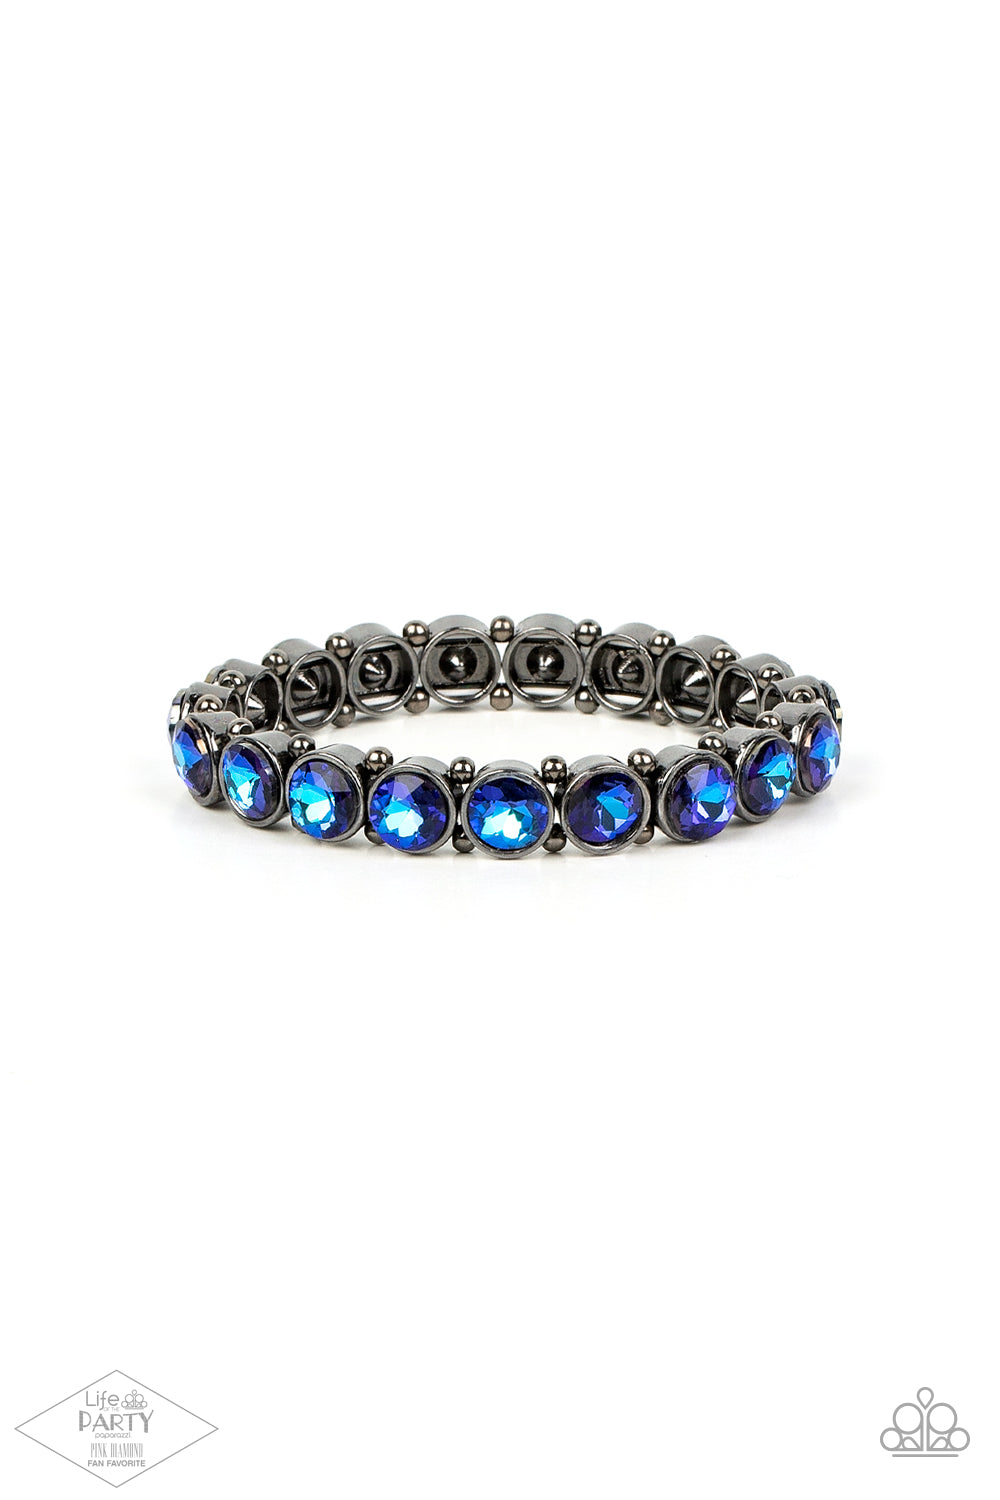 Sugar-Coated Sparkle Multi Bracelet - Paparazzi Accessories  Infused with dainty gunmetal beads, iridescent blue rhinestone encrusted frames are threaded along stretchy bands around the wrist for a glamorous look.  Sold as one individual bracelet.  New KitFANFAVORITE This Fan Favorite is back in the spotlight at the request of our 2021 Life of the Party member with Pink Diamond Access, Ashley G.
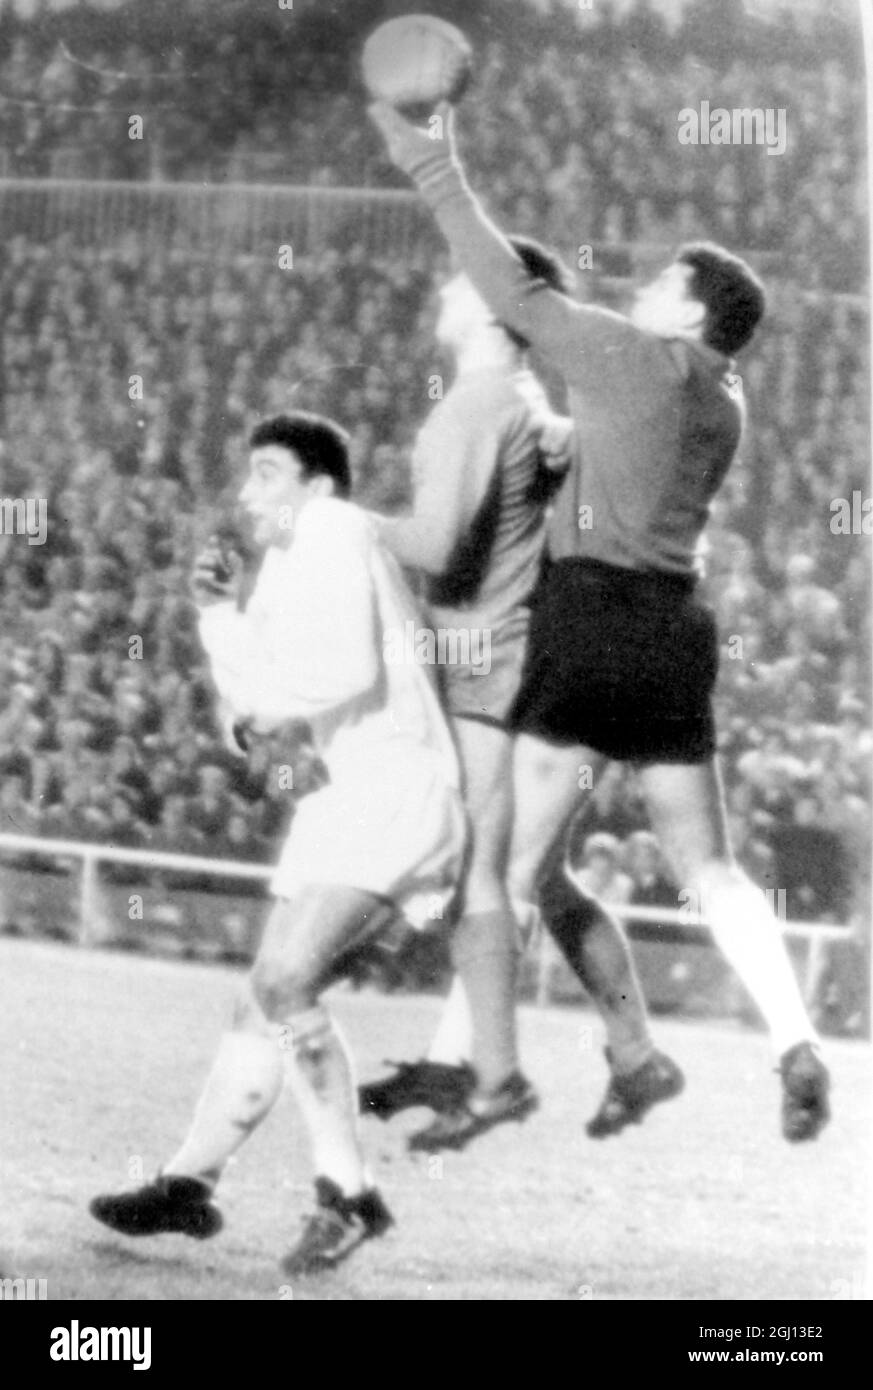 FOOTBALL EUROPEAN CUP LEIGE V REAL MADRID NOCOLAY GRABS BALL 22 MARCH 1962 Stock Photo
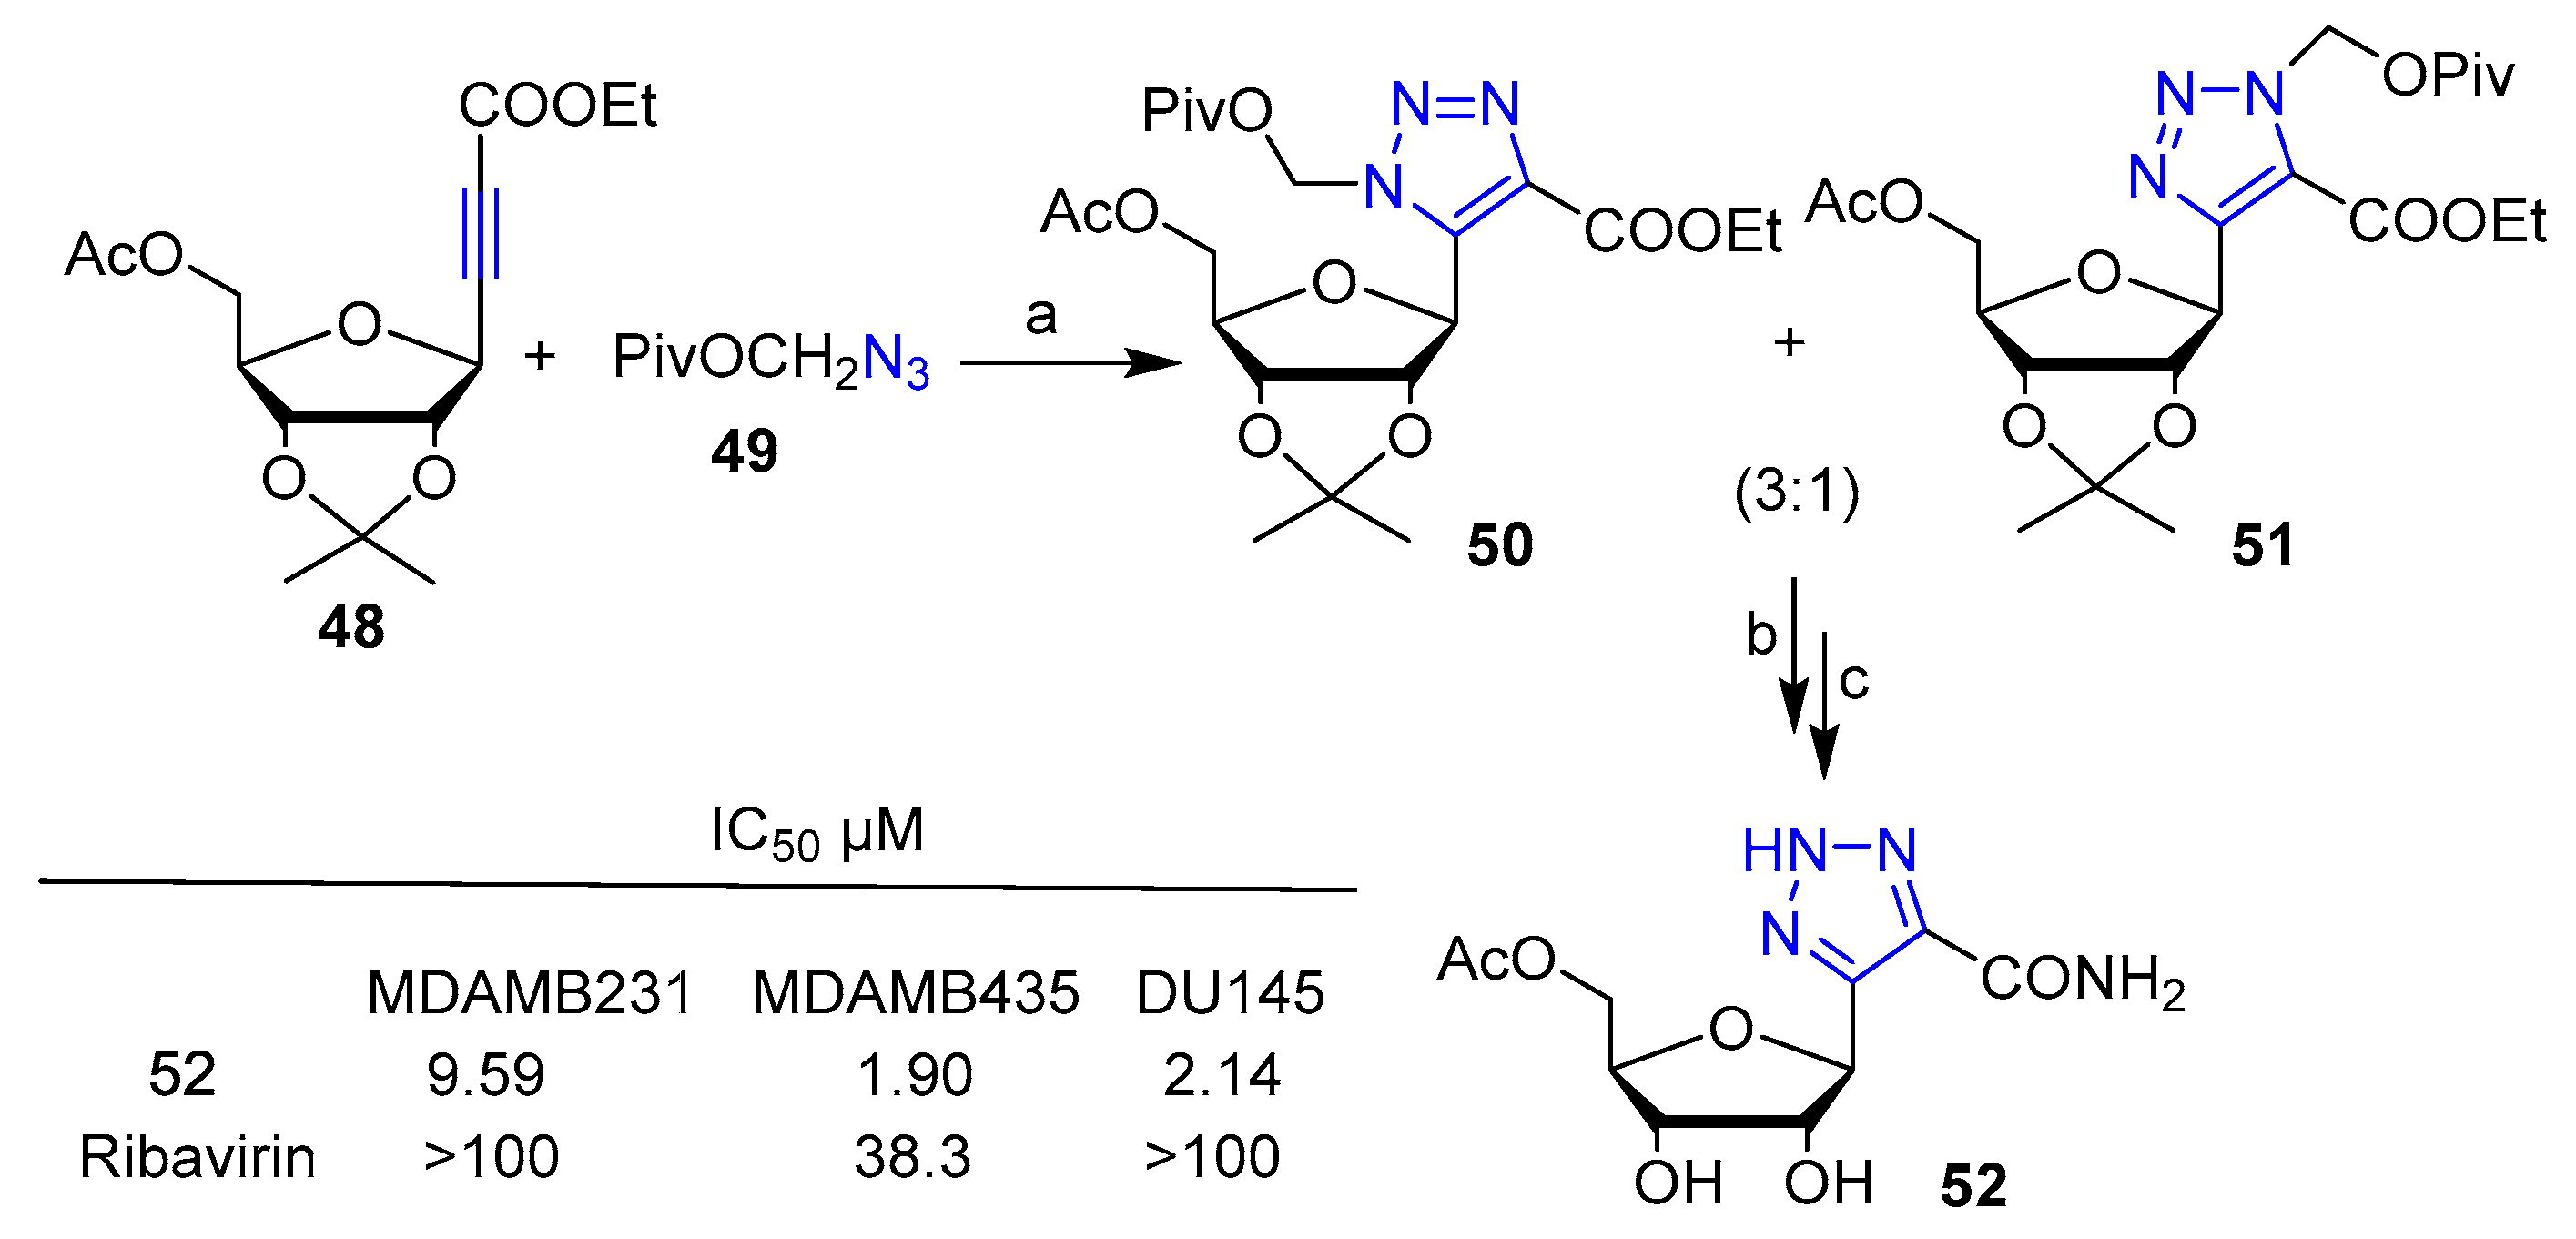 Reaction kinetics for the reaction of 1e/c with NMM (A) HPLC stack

= What you have to do =
Print the full listing again exactly, and drop every image from it.

= Your solution =
 Sugar-Coated Sparkle Multi Bracelet - Paparazzi Accessories  Infused with dainty gunmetal beads, iridescent blue rhinestone encrusted frames are threaded along stretchy bands around the wrist for a glamorous look.  Sold as one individual bracelet.  New KitFANFAVORITE This Fan Favorite is back in the spotlight at the request of our 2021 Life of the Party member with Pink Diamond Access, Ashley G.
 FOOTBALL EUROPEAN CUP LEIGE V REAL MADRID NOCOLAY GRABS BALL 22 MARCH 1962 Stock Photo
 Reaction kinetics for the reaction of 1e/c with NMM (A) HPLC stack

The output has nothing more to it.